La reciente publicación de Aquellos maravillosos
kioscos (editorial EDAF) y el excelente pregón de Javier Pérez Andújar en
las fiestas barcelonesas de la Mercè del pasado mes de septiembre, han removido
en mí la añoranza a la que, por tendencia casi patológica, me voy entregando
últimamente. Será el otoño. O más bien la constatación de que, con el paso de
los años, los espacios físicos donde uno creció van adquiriendo, cada vez más,
un color sepia y sólo existen ya en la topografía del recuerdo. El libro de
Miguel Fernández y Juan Pedro Ferrer se suma a ese catálogo de la nostalgia
facilona pero eficaz en la línea de Yo fui a EGB y se centra, sobre
todo, en aquellos juguetes míticos que se podían adquirir en los kioscos, como
el yoyó, las bolas locas, las ranitas, las canicas y otras bagatelas del tesoro
infantil. El pregón de Pérez Andújar es aún más emotivo y evoca aquellos
kioscos que colgaban de unas pinzas los tebeos y las revistas (“la lectura se
tendía en los kioscos, y por eso Italo Calvino decía que había que leer
tendido”); el kiosco era entonces la
memoria del pueblo, la librería del pobre.
En mi particular mitología, el primer recuerdo que
tengo de un kiosco es el kiosco de Luis, en la patria chica de mi barrio de
periferia, en Bonavista. Más que un kiosco, aquello parecía un agujero
practicado en la pared, desde donde, envuelto en periódicos, revistas y mil
cachivaches, emergía la pequeña figura de Luis, como la epifanía de algún dios
venerable surgida de aquel altarcillo sagrado, perfumado con el sahumerio de la
tinta y las chucherías. Yo me apostaba bajo el ventanuco, en silencio, a la
espera de su aparición misteriosa, y entonces él se manifestaba, fijaba sus
ojos bondadosos en mí y, a continuación, sin mediar palabra, rebuscaba entre
los cientos de coleccionables caducados que se hacinaban en aquella cueva de
tesoros y me regalaba algunos cromos de la serie V de la Tele
Indiscreta, deseando yo que, al abrir el sobrecito, me saliera el de Mike
Donovan.
A mi revelación de la literatura, también contribuyó,
a su manera, el kiosco de Luis. Era el tiempo de las lecturas encuadernadas en
grapas, de los tebeos y fanzines, y antes que todo eso, de las novelas
semanales de folletín, a las que yo ya no llegué.

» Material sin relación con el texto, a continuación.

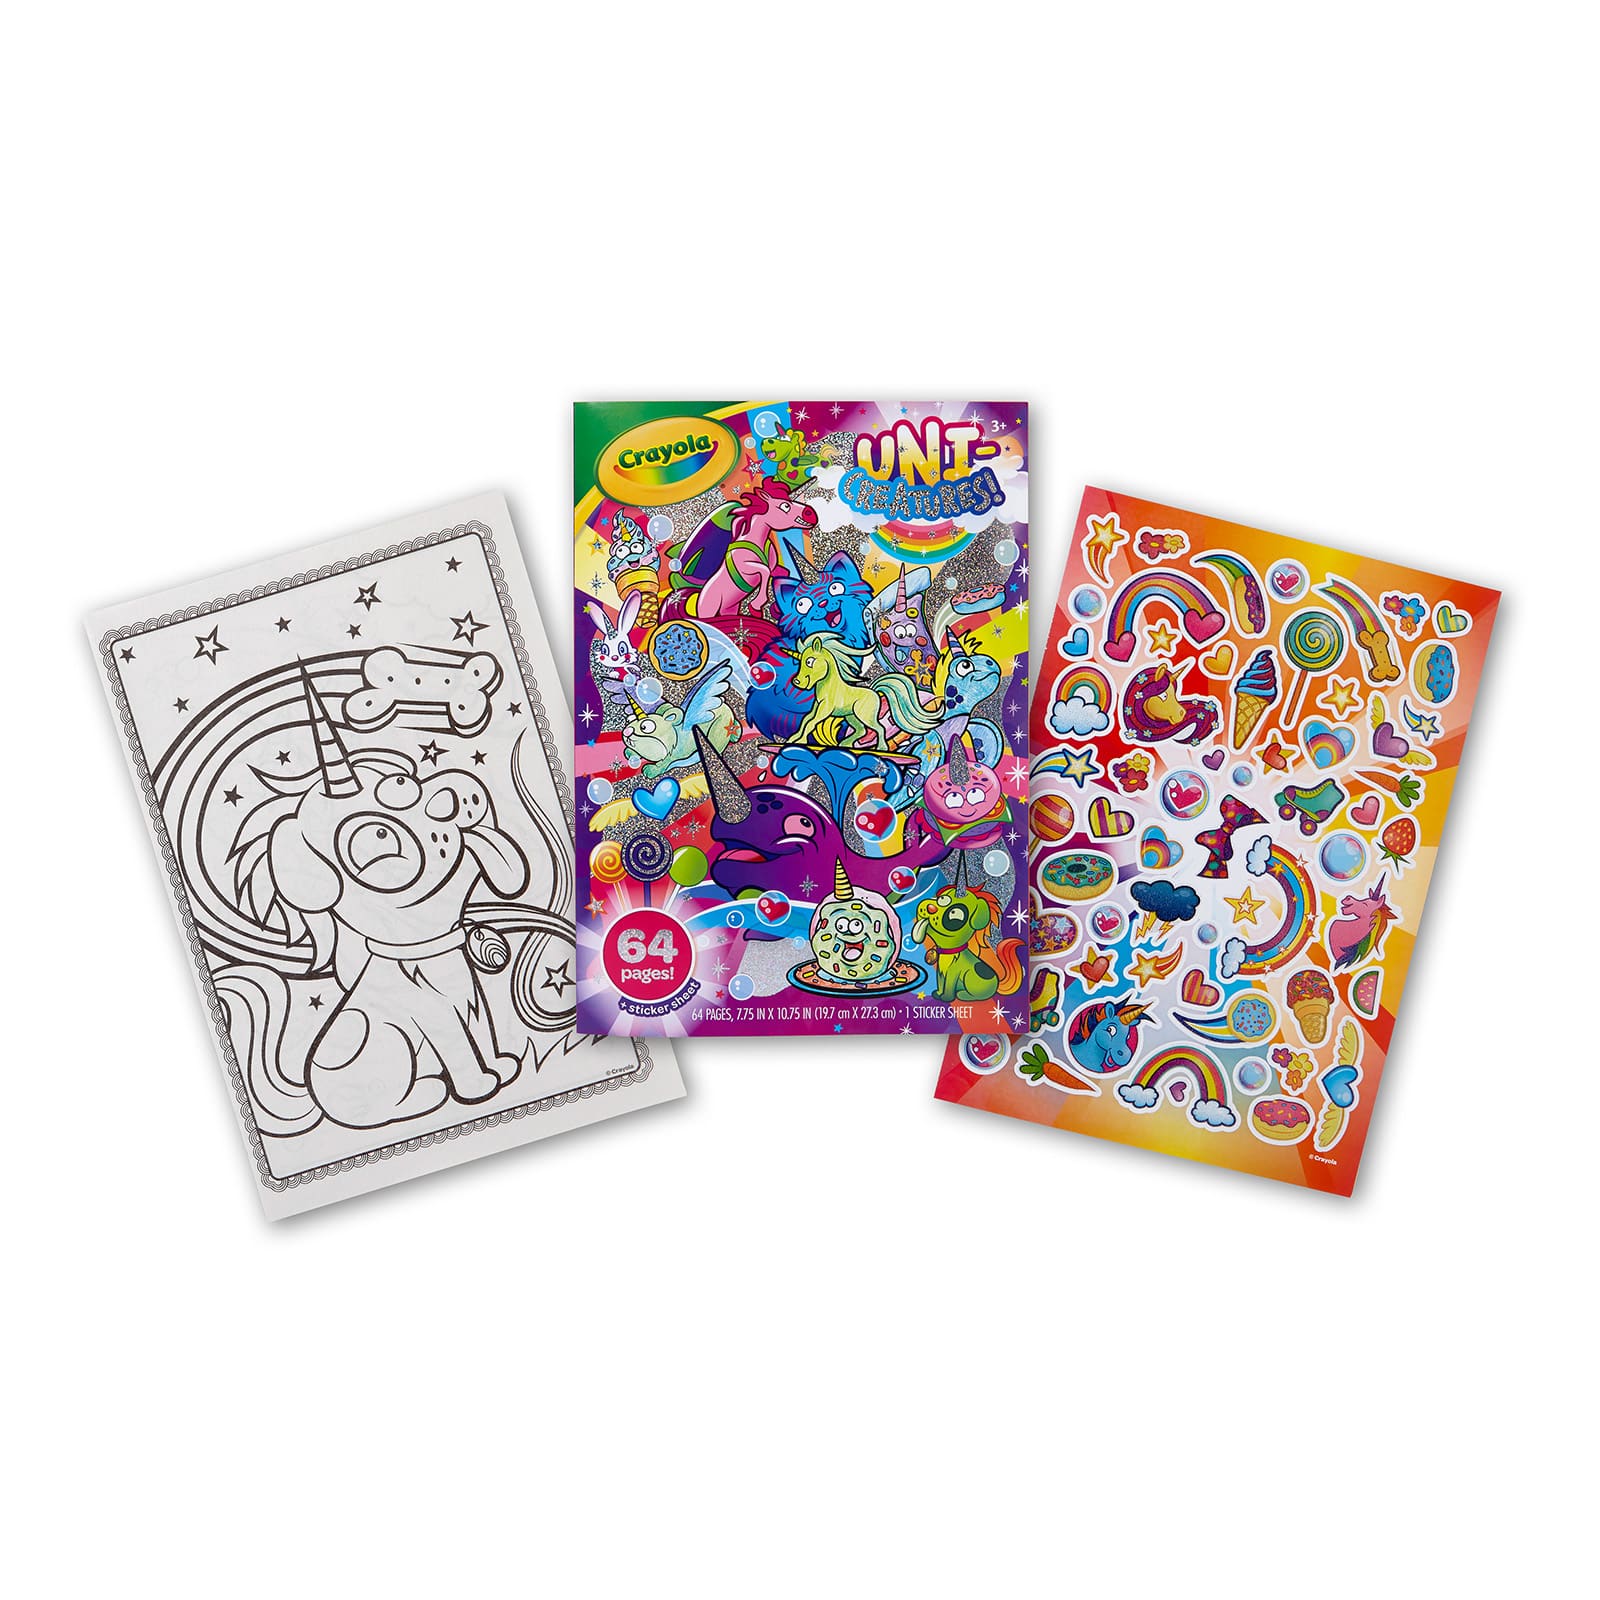 Download Shop for the Crayola® Uni-Creatures! Coloring Book at Michaels

Como dice Pérez Andújar, hoy los kioscos de calle,
esos de toda la vida ya “apenas venden
revistas, ni periódicos, ni mucho menos libros; no muestran lo que dice la
ciudad, sino que enseñan una imagen tronada de la ciudad dentro de un llavero,
o decorando un cenicero. Les llaman recuerdos, pero son lo primero que se
olvida en las papeleras de los hoteles”.
La palabra kiosco, del francés kiosque, –yo y
mi afición a las etimologías–, procede
del turco köşk¸que significa “mirador”, y éste del persa košk,
que significa “palacio”. No se me ocurren definiciones más hermosas para esos
templos del ocio cabal, en cuyo atrio, más que en ningún otro sitio, se
democratizó el acceso a la cultura y el placer de leer.
Entretanto, en la calle 21 del barrio de Bonavista,
esquina con la calle 8, el kiosco de Luis mantiene sus persianas bajadas desde
que su dueño falta. Yo, cerca ya de la cuarentena, me aposto otra vez, como el
niño que fui, ante su escuálido porche, que linda con una fuente que apenas
mana agua. Pero ya no se produce el sortilegio. . Los transeúntes pasan
indiferentes frente a aquel almacén de sueños. En todos estos años, y son ya
muchos, nadie ha adquirido el local, nadie ha edificado sobre sus humildes
cimientos, que quizás escondan, todavía, alguna reliquia. Es como si hubiera,
sólo en el acto de pensarlo, algo de sacrilegio y profanación.